== Segment start ==
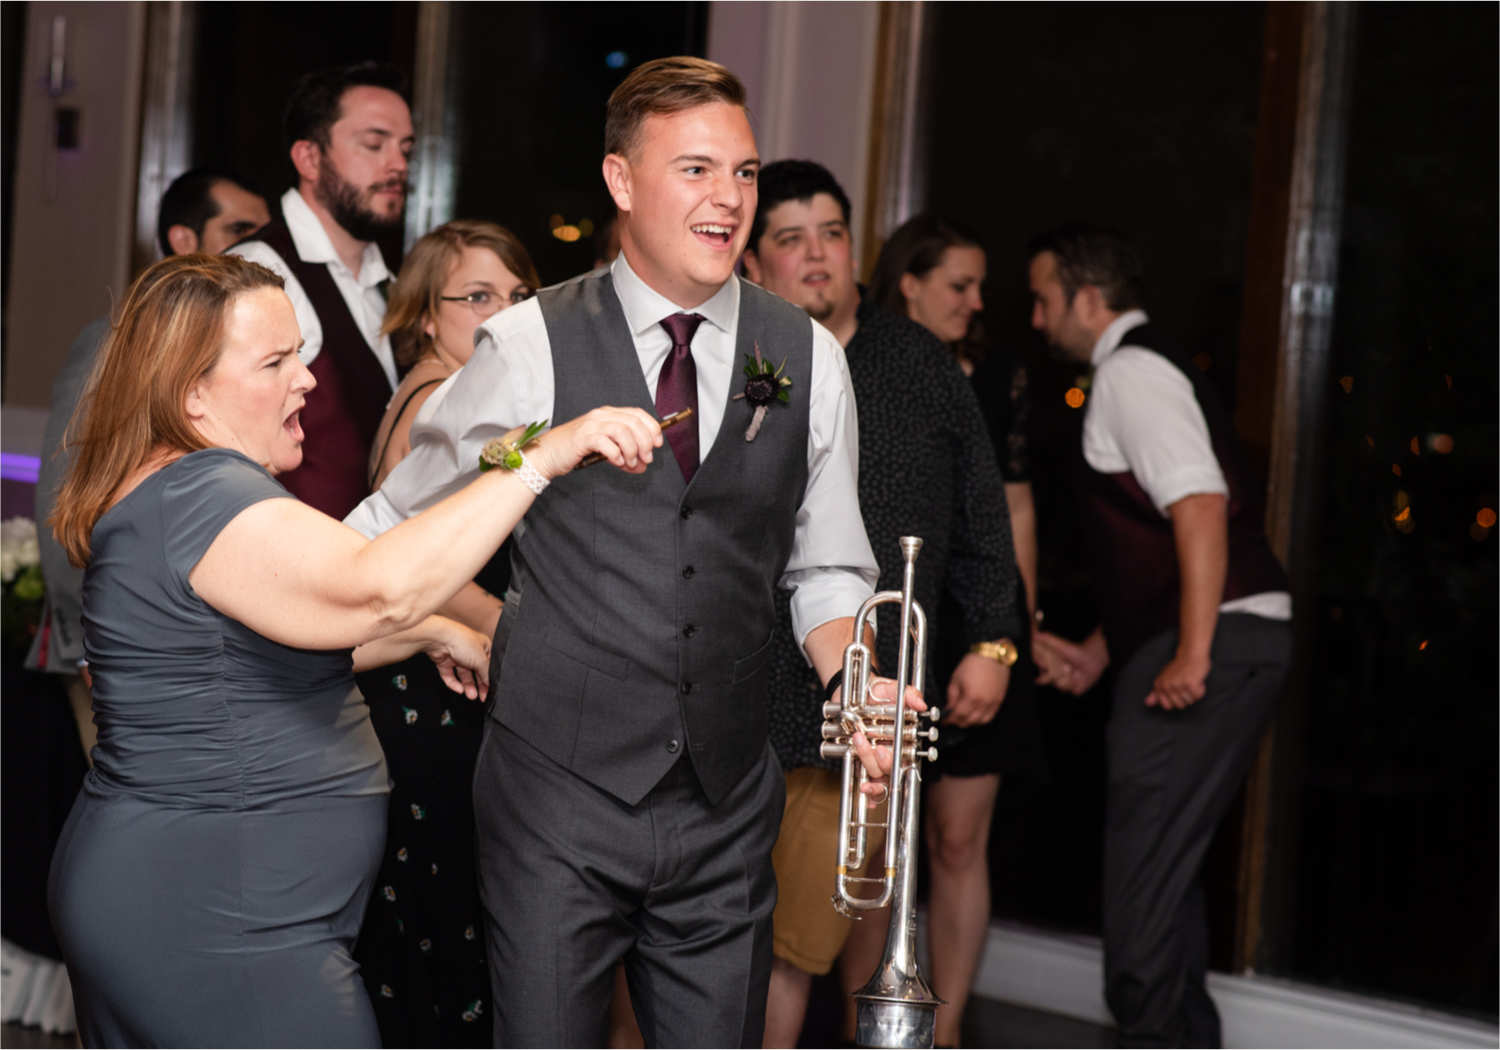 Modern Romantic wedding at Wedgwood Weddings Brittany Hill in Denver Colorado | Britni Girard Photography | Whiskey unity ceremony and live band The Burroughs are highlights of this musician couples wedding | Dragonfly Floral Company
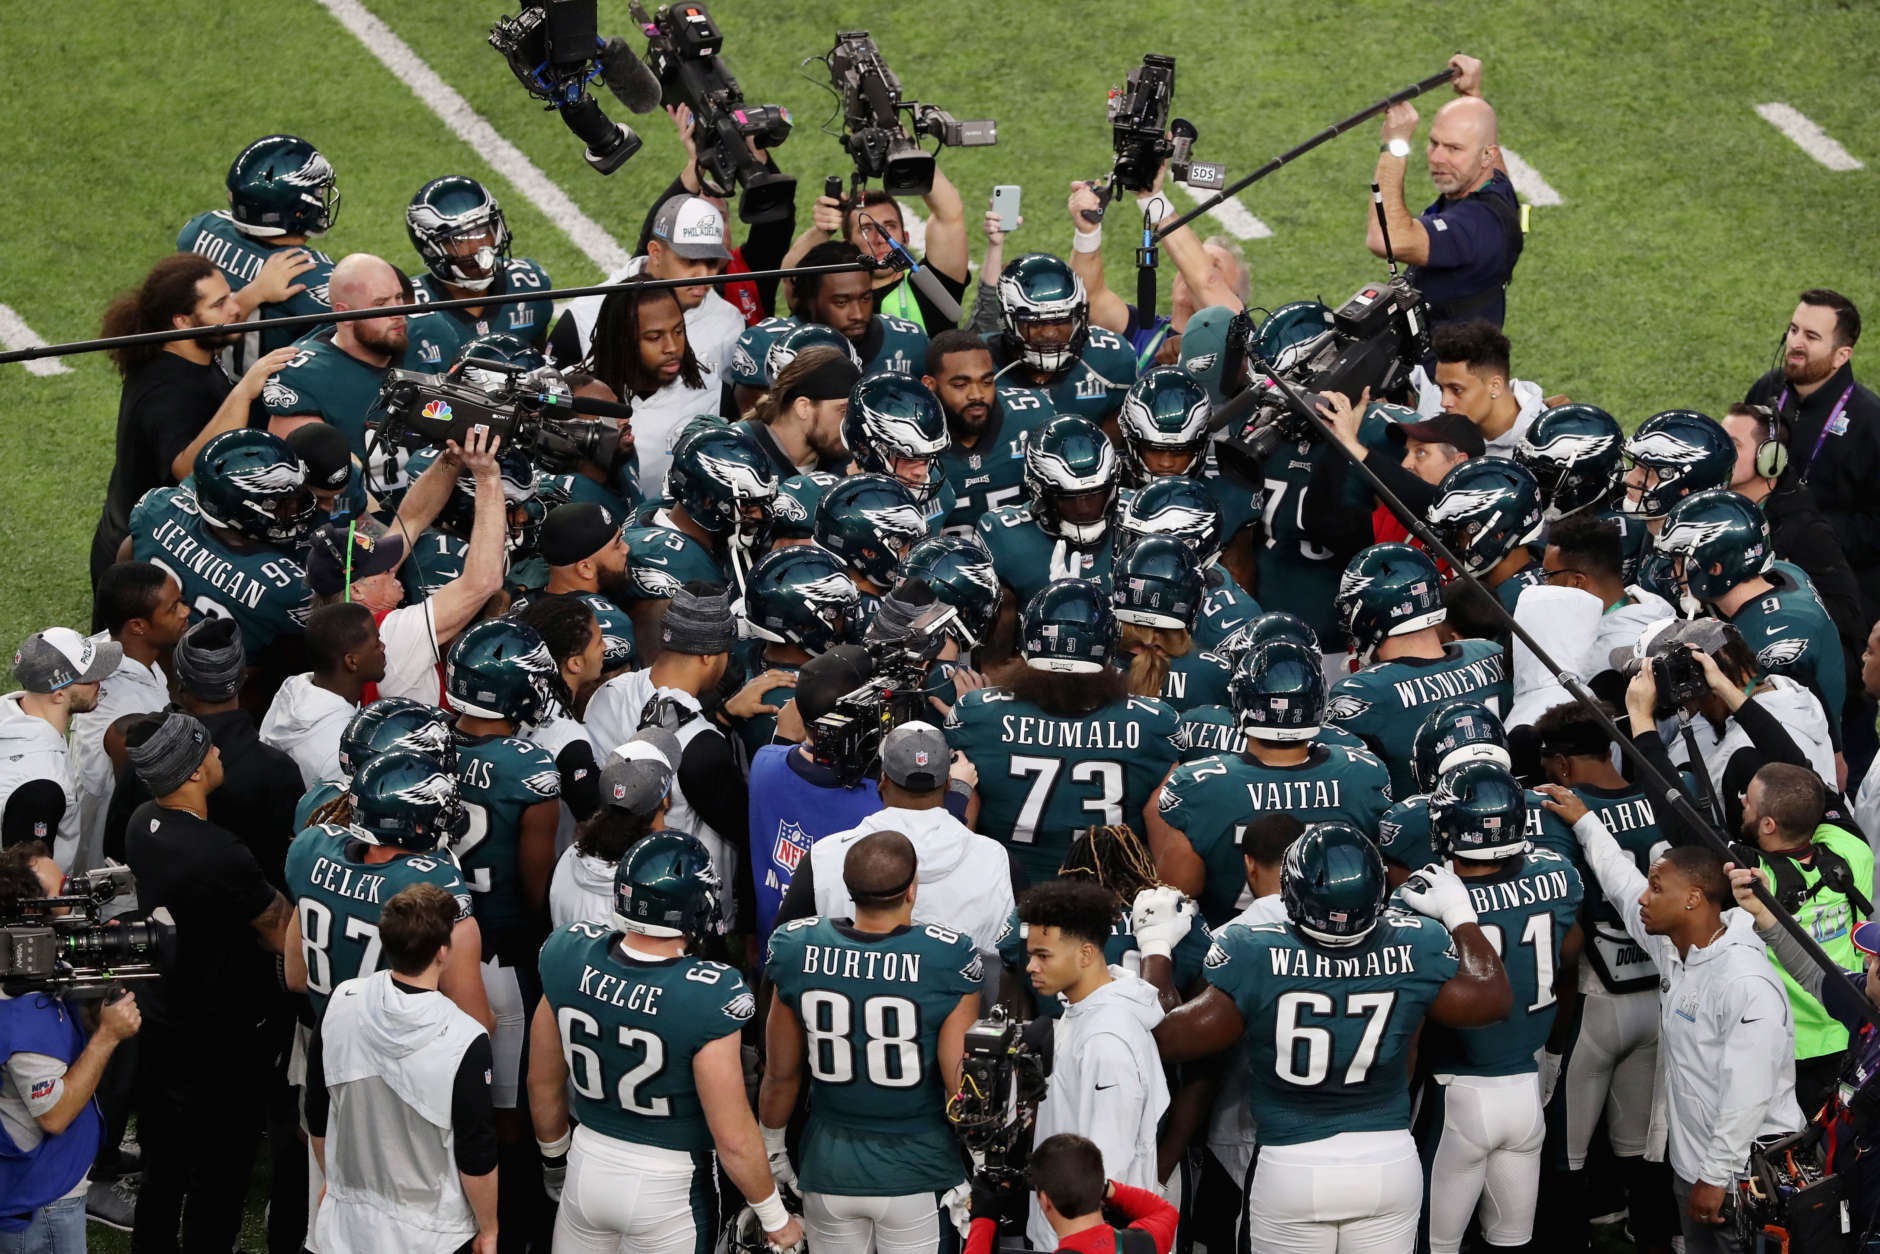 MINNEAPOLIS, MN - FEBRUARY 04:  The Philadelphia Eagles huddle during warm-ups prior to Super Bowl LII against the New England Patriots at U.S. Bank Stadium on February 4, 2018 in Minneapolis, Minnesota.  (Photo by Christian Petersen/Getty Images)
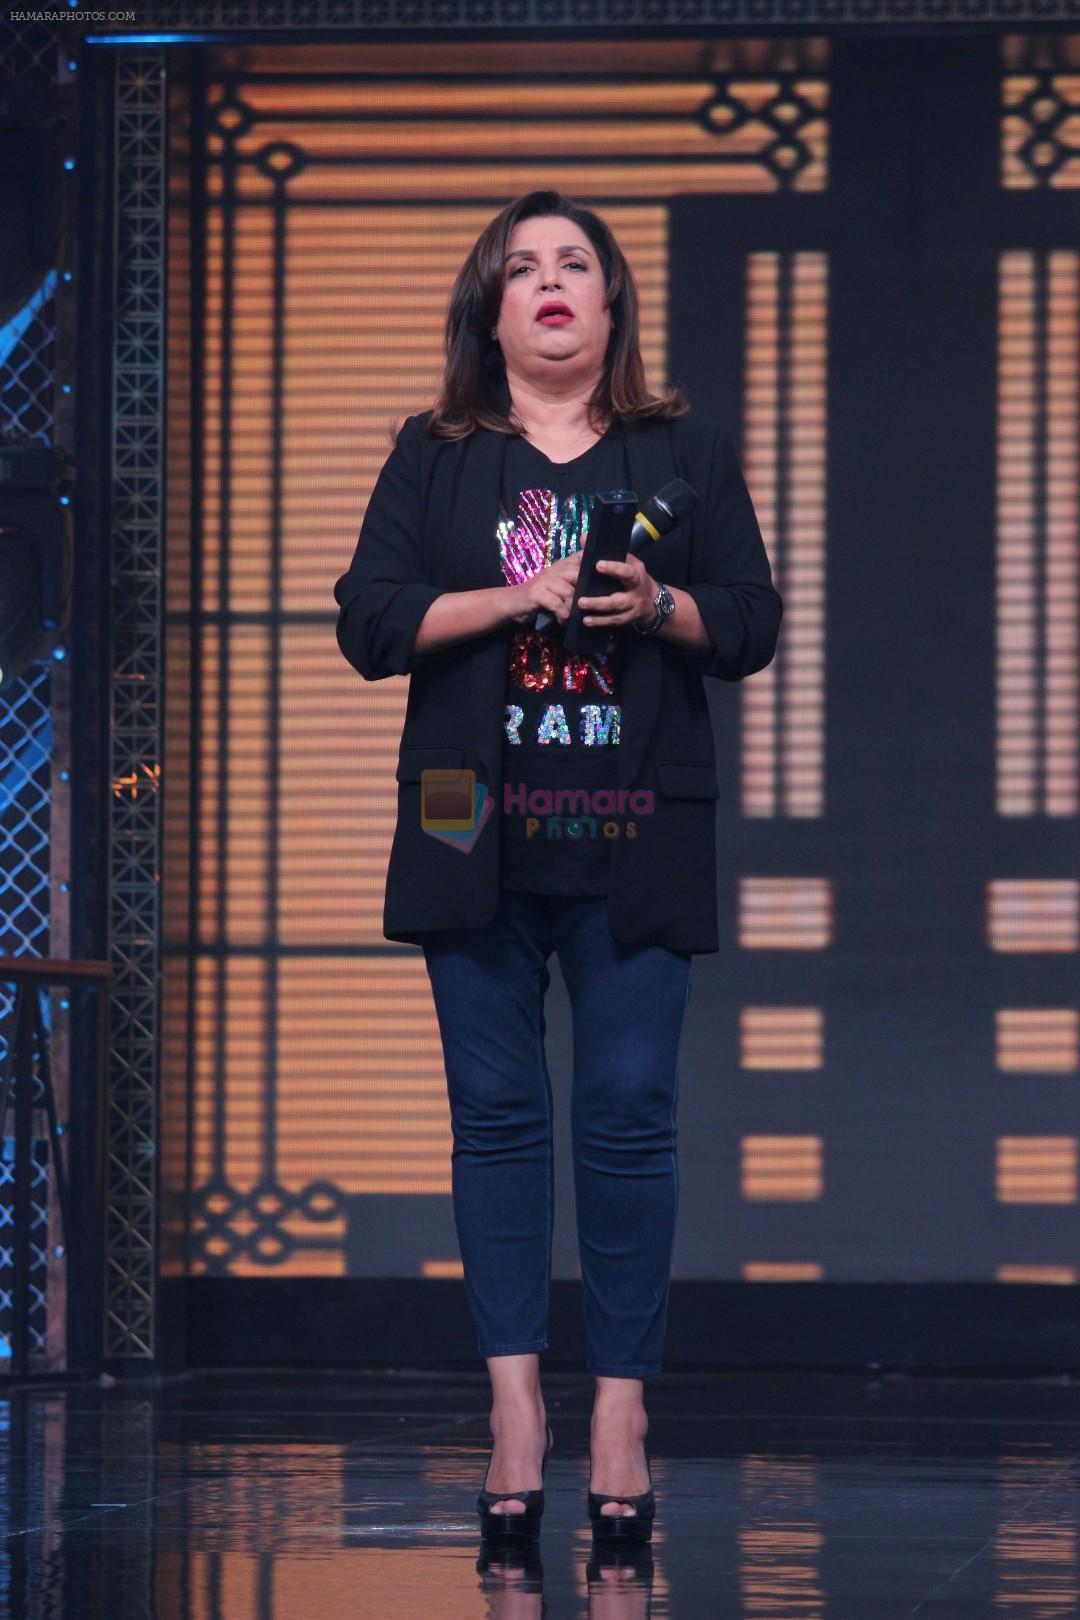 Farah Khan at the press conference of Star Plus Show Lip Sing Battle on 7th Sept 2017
== Segment end ==
Task brief –
Nothing but the lines from the one holding "MINNEAPOLIS, MN - FEBRUARY" through the last line of the listing should appear in the answer, copied exactly and without pictures.

Task output –
 MINNEAPOLIS, MN - FEBRUARY 04:  The Philadelphia Eagles huddle during warm-ups prior to Super Bowl LII against the New England Patriots at U.S. Bank Stadium on February 4, 2018 in Minneapolis, Minnesota.  (Photo by Christian Petersen/Getty Images)
 Farah Khan at the press conference of Star Plus Show Lip Sing Battle on 7th Sept 2017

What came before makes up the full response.